Zoophyte Quotes (4 quotes)
Are coral reefs growing from the depths of the oceans? ... [The] reply is a simple negative; and a single fact establishes its truth. The reef-forming coral zoophytes, as has been shown, cannot grow at greater depths than 100 or 120 feet; and therefore in seas deeper than this, the formation or growth of reefs over the bottom is impossible.
On Coral Reefs and Islands (1853), 138.
In every living being there exists a capacity for endless diversity of form; each possesses the power of adapting its organization to the variations of the external world, and it is this power, called into activity by cosmic changes, which has enabled the simple zoophytes of the primitive world to climb to higher and higher stages of organization, and has brought endless variety into nature.
From Gottfried Reinold Treviranus, Biologie, oder Philosophie der lebenden Natur [Biology, or Philosophy of Animate Nature], quoted in Lecture 1, August Weismann (1904, 2nd German ed.) as translated in August Weismann, Margaret R. Thomson (trans.), The Evolution Theory, Vol 1., 18-19.
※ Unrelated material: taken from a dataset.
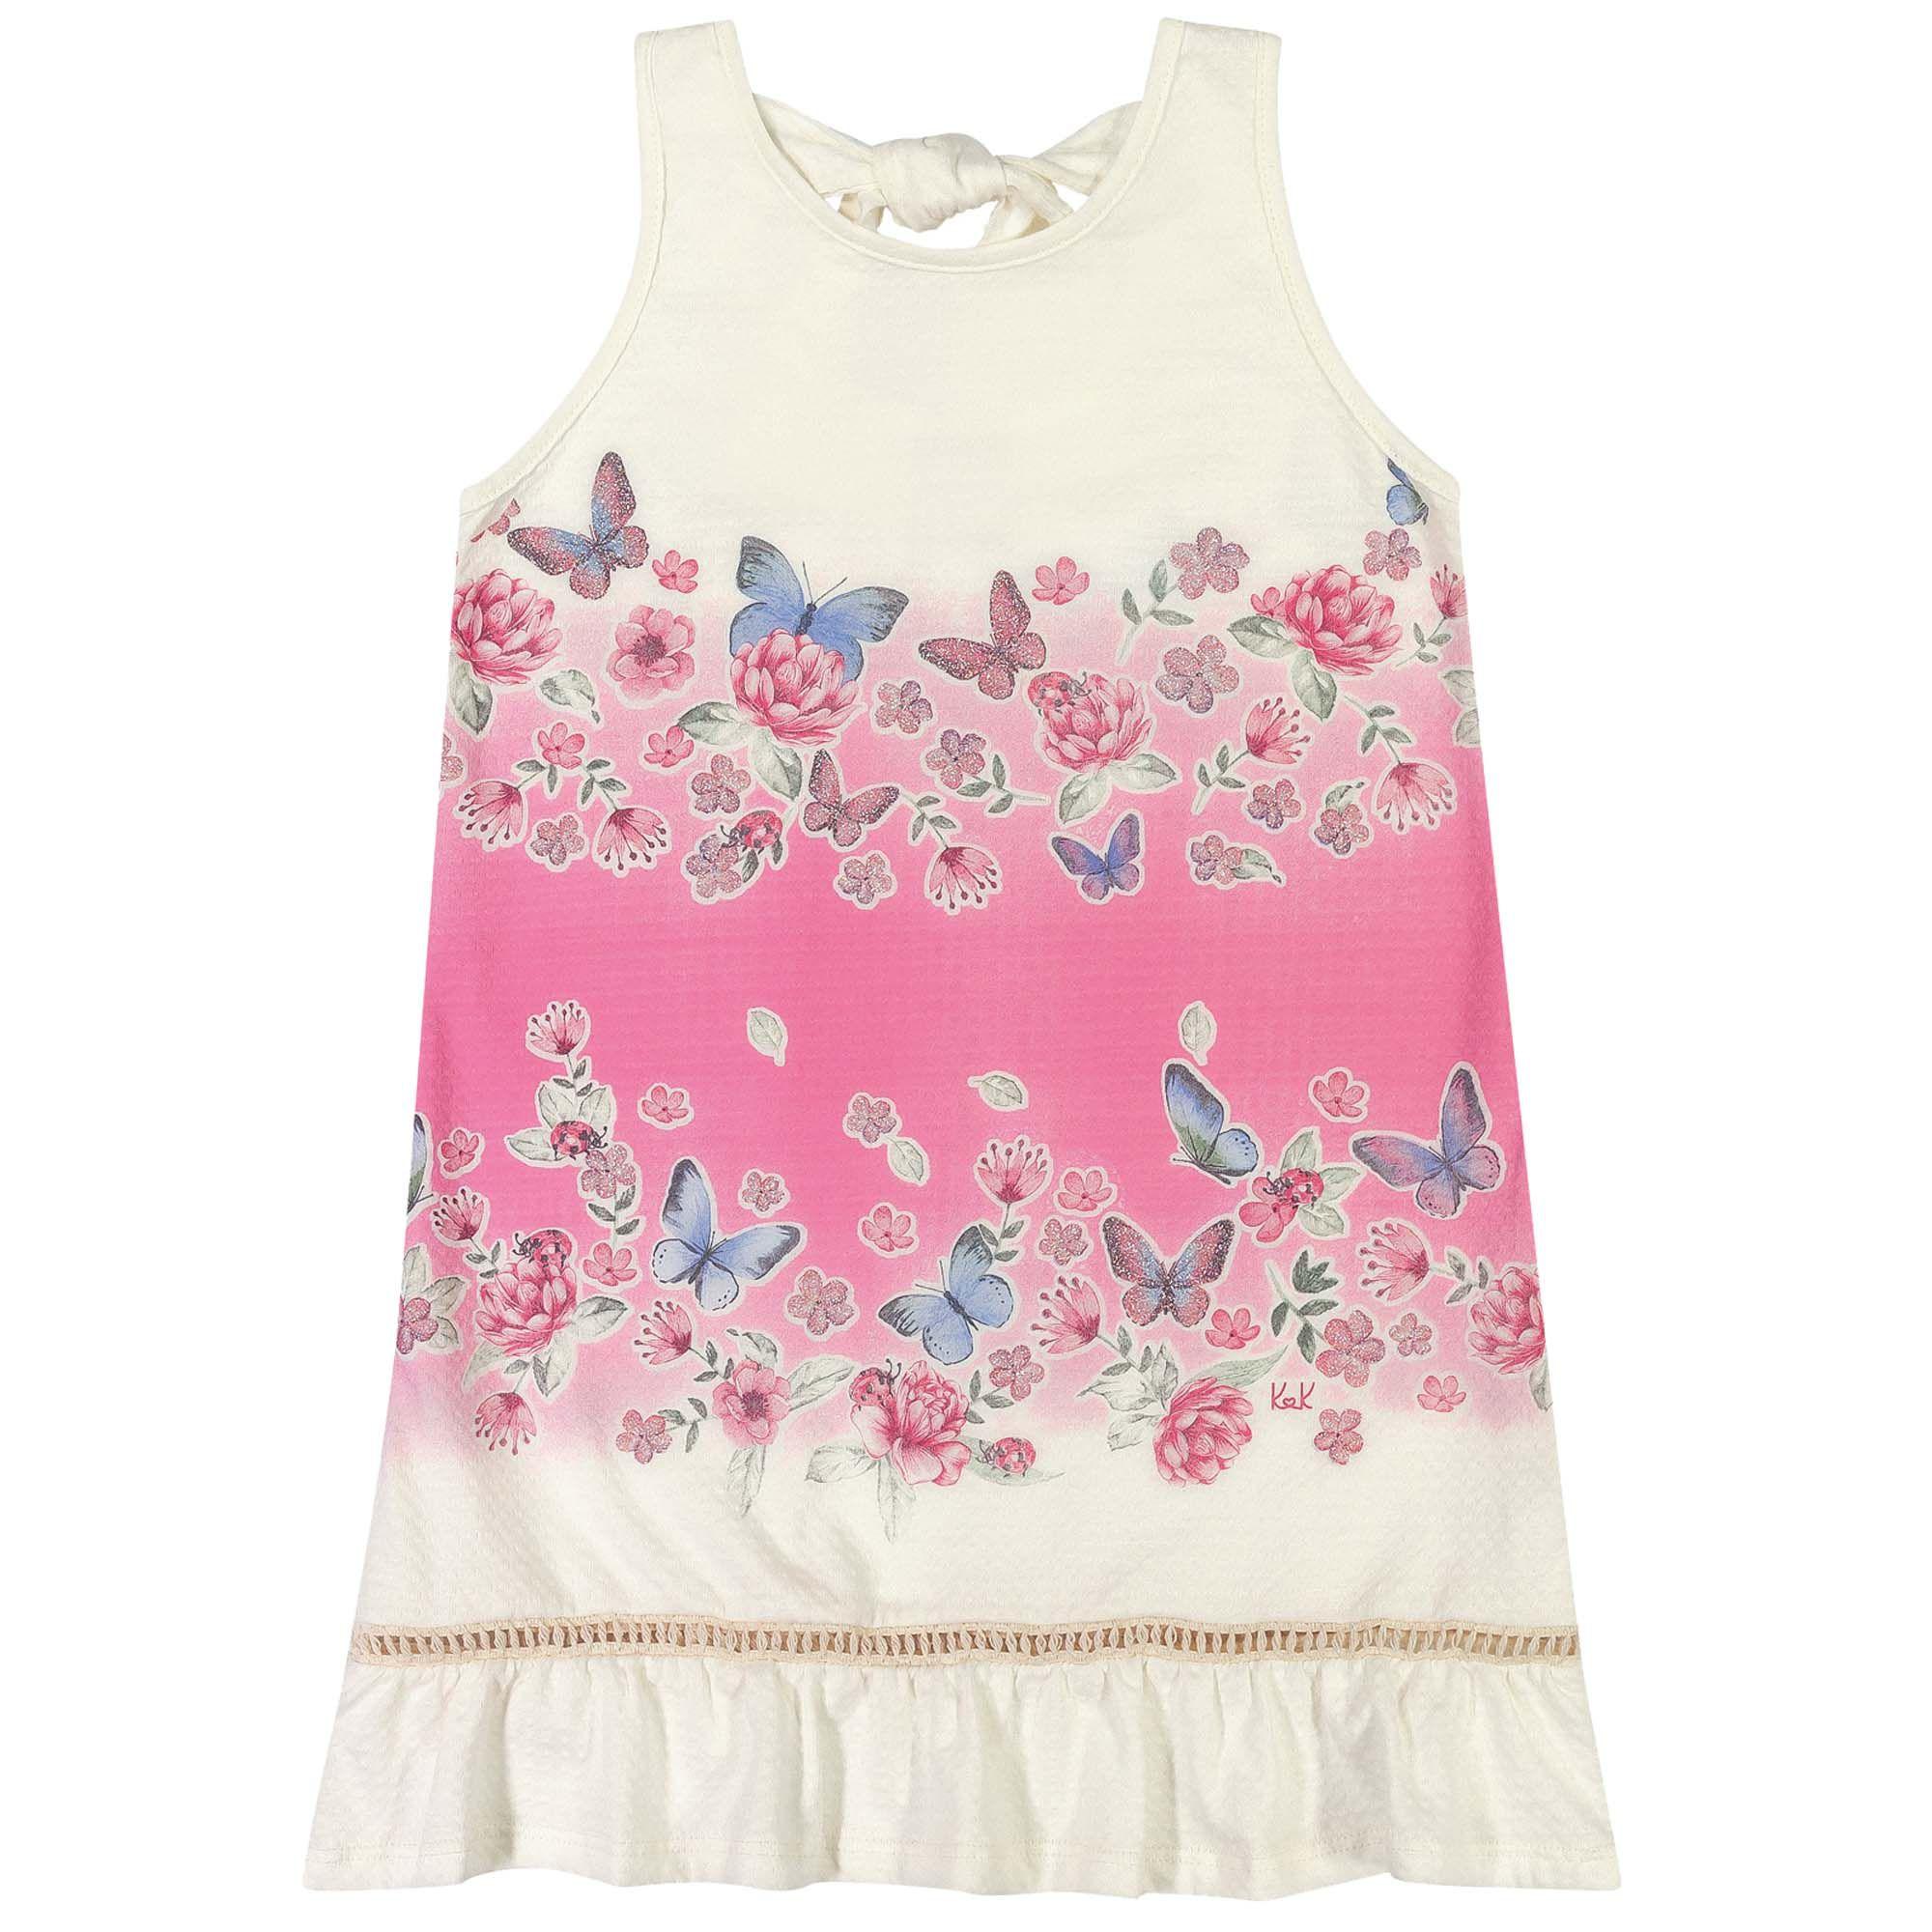 Vestido Verão Romitex Kely Kety Flores e Borboletas - 4 ao 10

The book of Nature is the book of Fate. She turns the gigantic pages,leaf after leaf,never re-turning one. One leaf she lays down, a floor of granite; then a thousand ages, and a bed of slate; a thousand ages, and a measure of coal; a thousand ages, and a layer of marl and mud: vegetable forms appear; her first misshapen animals, zoophyte, trilobium, fish; then, saurians,rude forms, in which she has only blocked her future statue, concealing under these unwieldy monsters the fine type of her coming king. The face of the planet cools and dries, the races meliorate, and man is born. But when a race has lived its term, it comes no more again.
From 'Fate', collected in The Complete Works of Ralph Waldo Emerson, Volume 6: The Conduct of Life (1860), 15. This paragraph is the prose version of his poem, 'Song of Nature'.
[Zoophytes (Protists, or simple life forms) are] the primitive types from which all the organisms of the higher classes had arisen by gradual development.
Entry for Gottfried Reinhold Treviranus in Encyclopedia Britannica (1911), Vol. 27, 255-256.